However, there was a difference in the number of primary care contacts recorded per person. People diagnosed in the lockdown period had on average 1 contact more than predicted (12 vs 11 [95% CI: 10–12]) within 6 months before the diagnosis and 2 contacts more than predicted (13 vs 11 [95% CI: 10–11]) within 6 months after they were diagnosed. This was similar for people diagnosed in the recovery period. For these people, there were 2 more contacts observed than predicted (13 vs 11 [95% CI: 10–12]) before the diagnosis and 2 (12 vs 11 [95% CI: 10–12]) after the diagnosis (Table 2). Any discrepancies in sums are due to rounding. In addition, it is important to note that contacts with primary care included all the contact events (all reasons and purposes), not only healthcare appointments.

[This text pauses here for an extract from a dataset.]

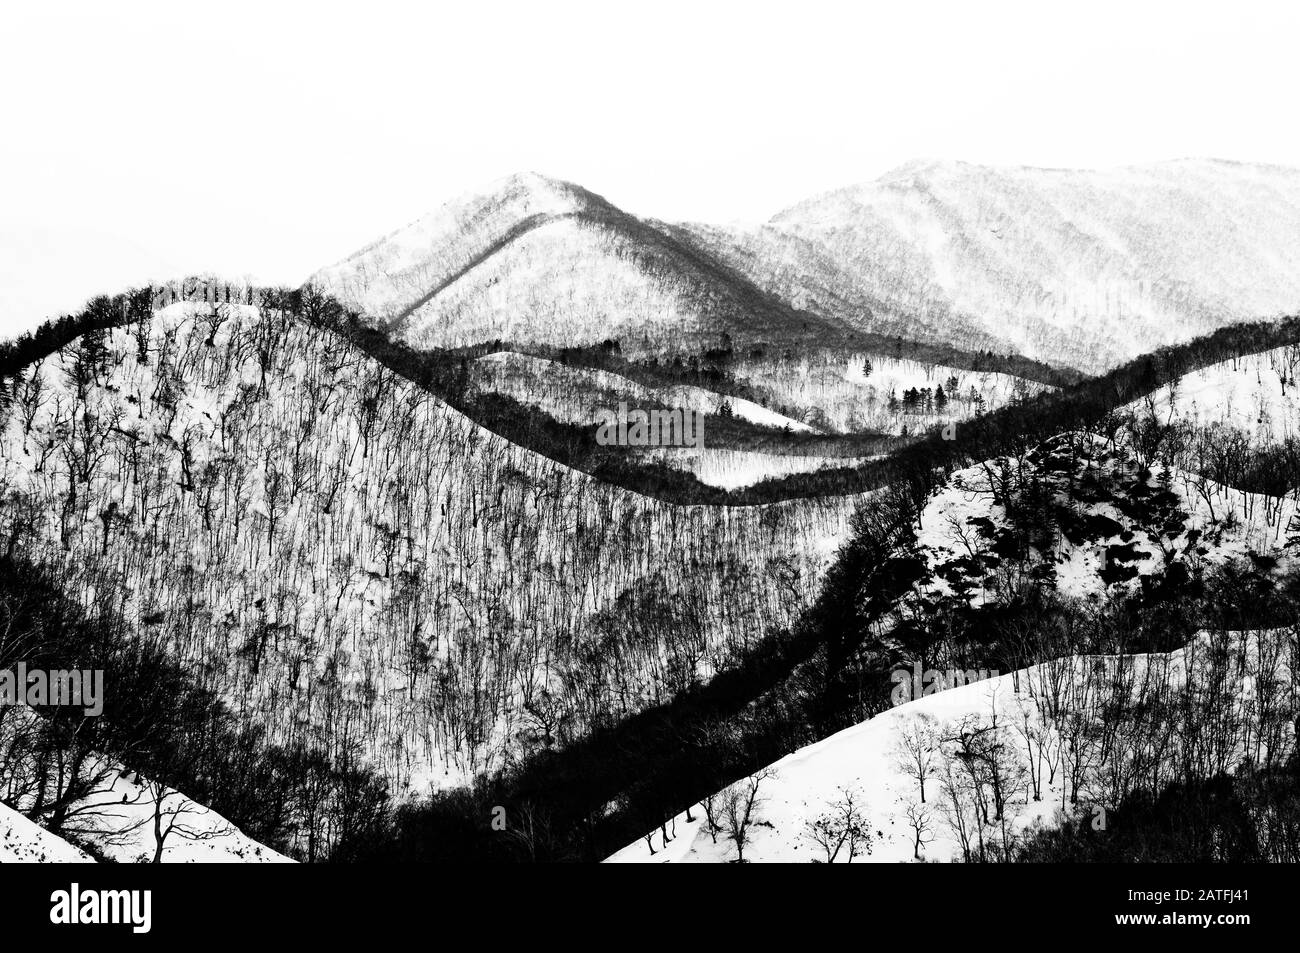 Japan, Hokkaido, Rausu, Mountains in winter Stock Photo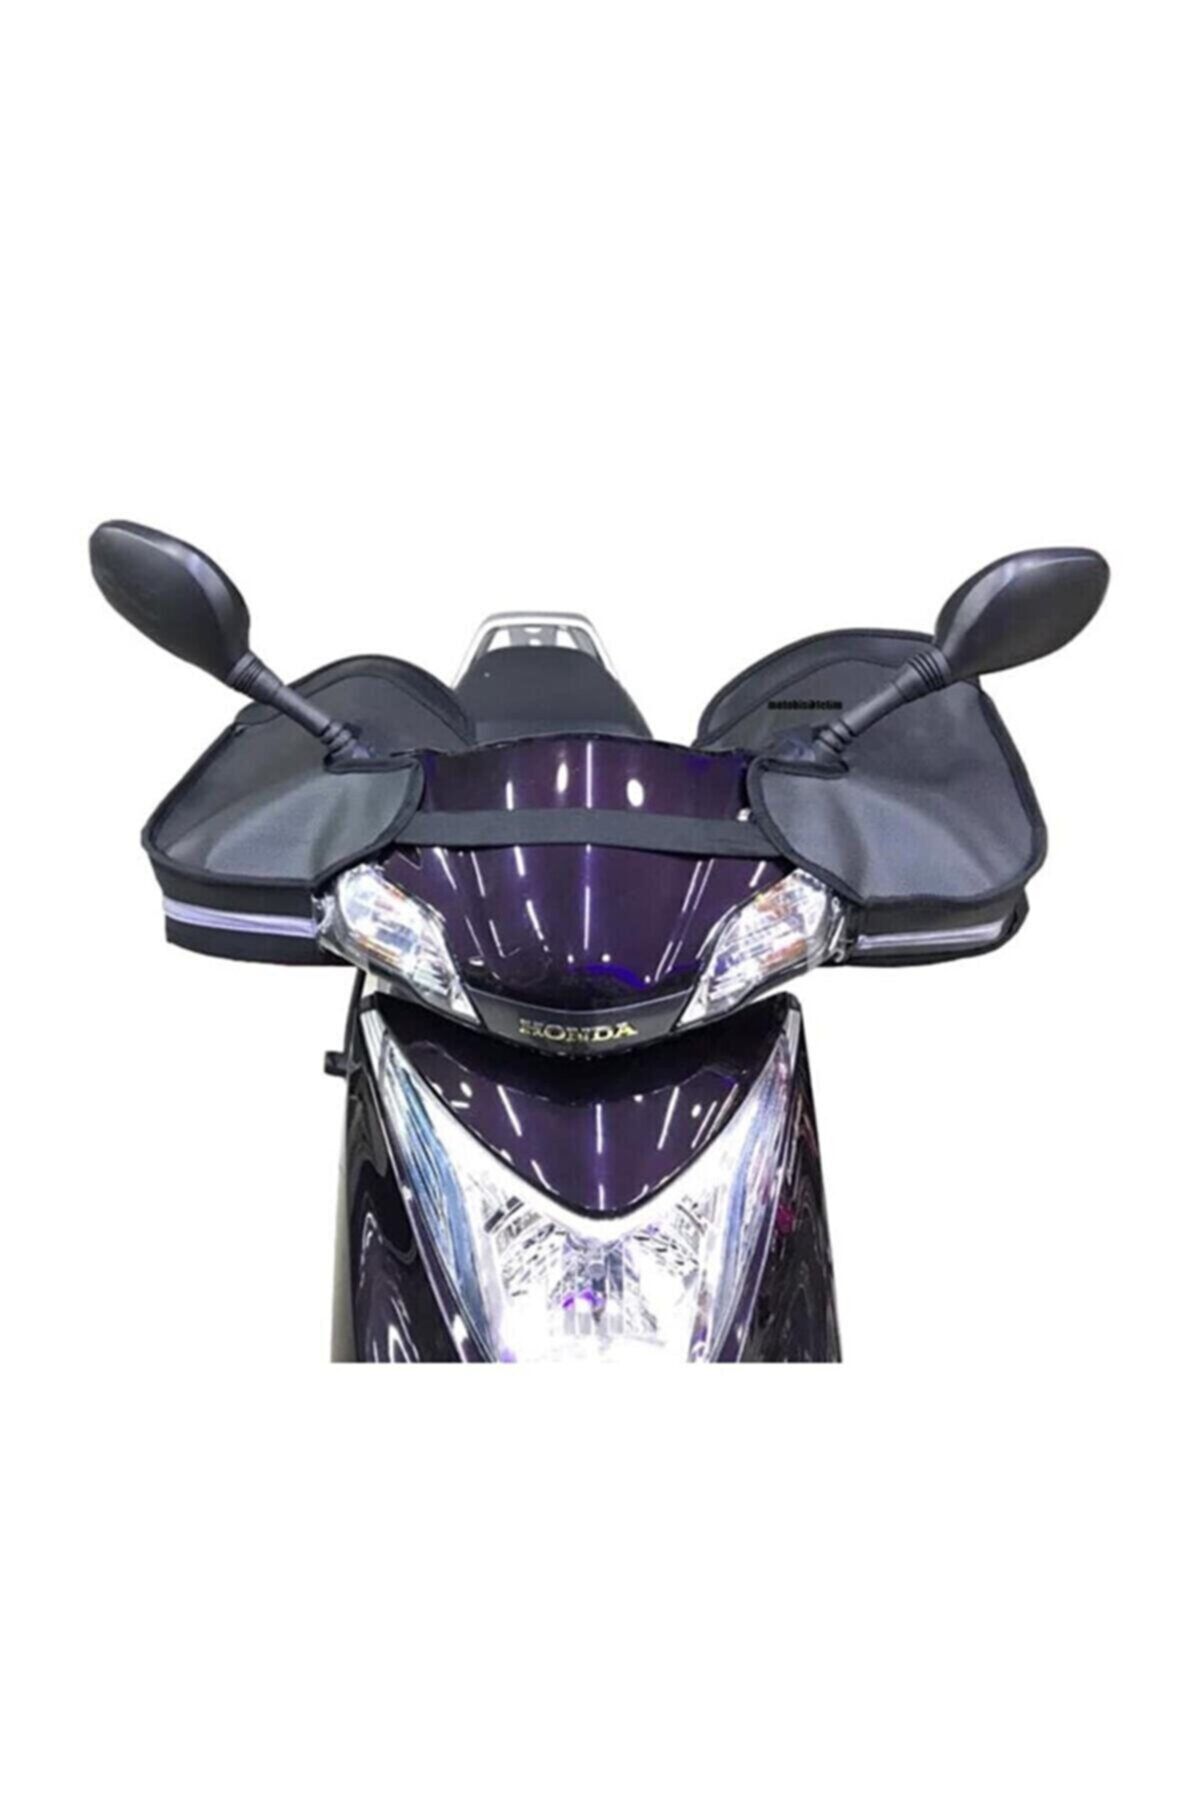 KNT Motosiklet Termal El Koruyucu Rüzgar Koruyucu Reflektörlü [scooter, Cub Modelleri] Elkoruma

BMI, HbA1c, and liver function assessments
In both periods of the pandemic, we observed reductions in numbers of people receiving BMI, HbA1c, and liver function assessments before they were diagnosed with pancreatic cancer (Figure 3). For BMI, these were 20% and 14% less people than predicted received at least one assessment in the lockdown and recovery periods, respectively. For HbA1c, these were 10% and 8% reductions and for liver function these were 4% and 3% reductions, respectively (Table 2). Except for BMI, we did not observe reductions in numbers of people receiving these assessments after they were diagnosed with cancer.
Figure 3
BMI, HbA1c and liver function testing decreased especially prior pancreatic cancer diagnosis.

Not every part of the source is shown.